Однако люди в лагере не успели осознать, что появление всадников было лишь отвлекающим маневром, а основной удар готовился с противоположной стороны. Только когда всадники, несущие смерть, были уже среди них, люди поняли, что произошло. Но было уже поздно.
— Задраиваю люки! — сообщил дежурный пилот из штурманской рубки космического корабля и нажал кнопку пневмозатворов. Он видел, как стремительно накатывают волны атакующих, и знал, как мучительно медленно закрывается тяжелая наружная дверь, поэтому изо всех сил давил на кнопку.
Ревущая волна всадников прорвала проволочное ограждение. Передние животные падали и умирали под ногами следующих. Гибли и всадники, но все новые и новые волны заполняли лагерь, уничтожая все живое на своем пути.
— Говорит второй офицер Уайкс,— представился второй пилот, включив все микрофоны корабля. — Есть ли на корабле офицер старше меня по званию?
Молчание было ему ответом, а когда он заговорил снова, голос его был глухим и невнятным.
— Отзовитесь все по очереди, офицеры и солдаты, начиная с машинного отделения. Радист, записывайте!
Нерешительно, один за другим отзывались голоса. Уайкс тем временем, включив большой экран, смотрел на бушующую внизу ярость.
— Семнадцать — это все... — подытожил радист, не веря сам себе. Он протянул список второму офицеру, тот бегло просмотрел его и потянулся к микрофону.
— Беру командование на себя,— сказал он. — Приготовиться к старту!
— Разве мы не поможем им? — спросил кто-то. Можно ли так улететь?

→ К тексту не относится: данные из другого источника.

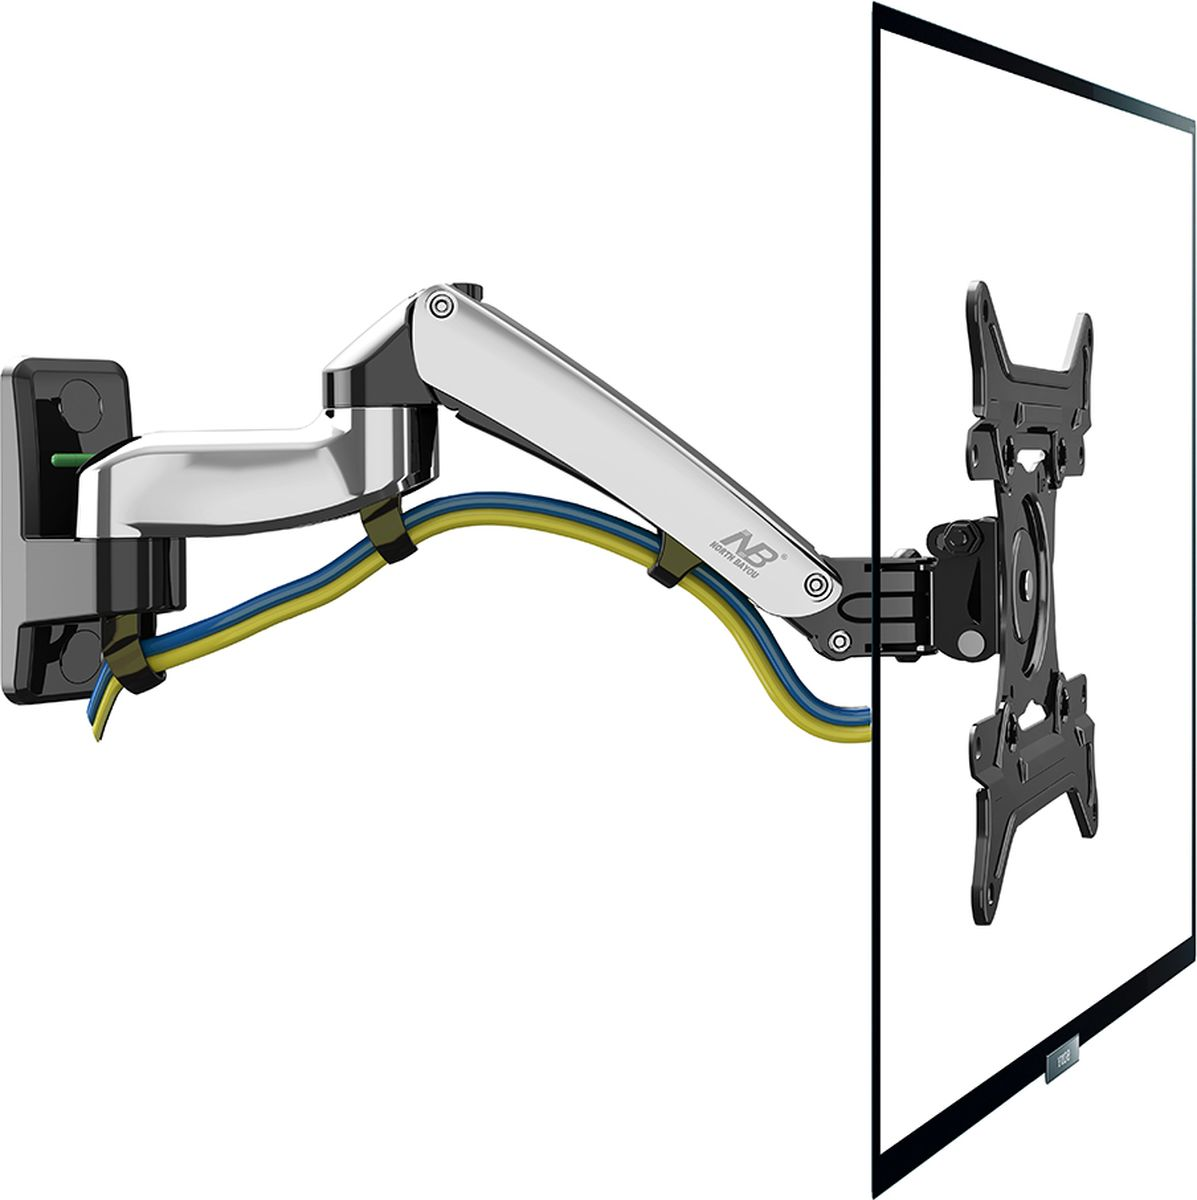 North Bayou NB F300, Chrome кронштейнхромированныйНастенный наклонно-поворотный кронштейн с регулировкой по высоте North Bayou NB F300 подходит для телевизоров с диагональю 30-40 и с весом от 5 до 10 кг. Благодаря встроенной газовой пружине вы можете с лёгкостью перемещать телевизор не только влево и вправо, но и вверх и вниз, при этом не прилагая усилий и не производя дополнительной фиксации. Именно технологии надёжных осевых соединений с газовой пружиной позволят вам отрегулировать положение телевизора для самого комфортного просмотра.

— Там никого не осталось в живых,— медленно проговорил Уайкс. — Я следил за всеми экранами, не видно никого, кроме атакующих и их животных. Даже если кто-то и уцелел, сомневаюсь, сможем ли мы ему помочь. Оставаться же здесь кораблю — самоубийство. К тому же на борту лишь малая часть экипажа.
Корпус корабля дрогнул, как бы подтверждая его слова.
— Один экран вышел из строя... И второй тоже... Они как-то выводят из строя наружные камеры. К тому же они привязывают ремни к посадочным опорам. Не знаю, в состоянии ли они нас опрокинуть, но проверять это не намерен. Старт через шестьдесят пять секунд.
— Их испепелит пламя наших двигателей, сгорят все и вся,— сказал радист, сжимая кулаки.
— Наши люди не почувствуют этого,— угрюмо ответил пилот,— а что касается остальных — чем больше их сгорит, тем лучше...
Когда космический корабль, изрыгая пламя, взлетел вверх, на его месте остался неровный, дымящийся круг смерти. Но как только земля остыла, на ней, разметая пепел, снова появились всадники. Все новые и новые волны их накатывали из темноты. Казалось, этим бесчисленным полчищам не будет конца.
2
— Не глупо ли — позволить птице-пиле ранить себя,— сказал Бруччо, помогая Ясону динАльту стянуть через голову металлизированный свитер.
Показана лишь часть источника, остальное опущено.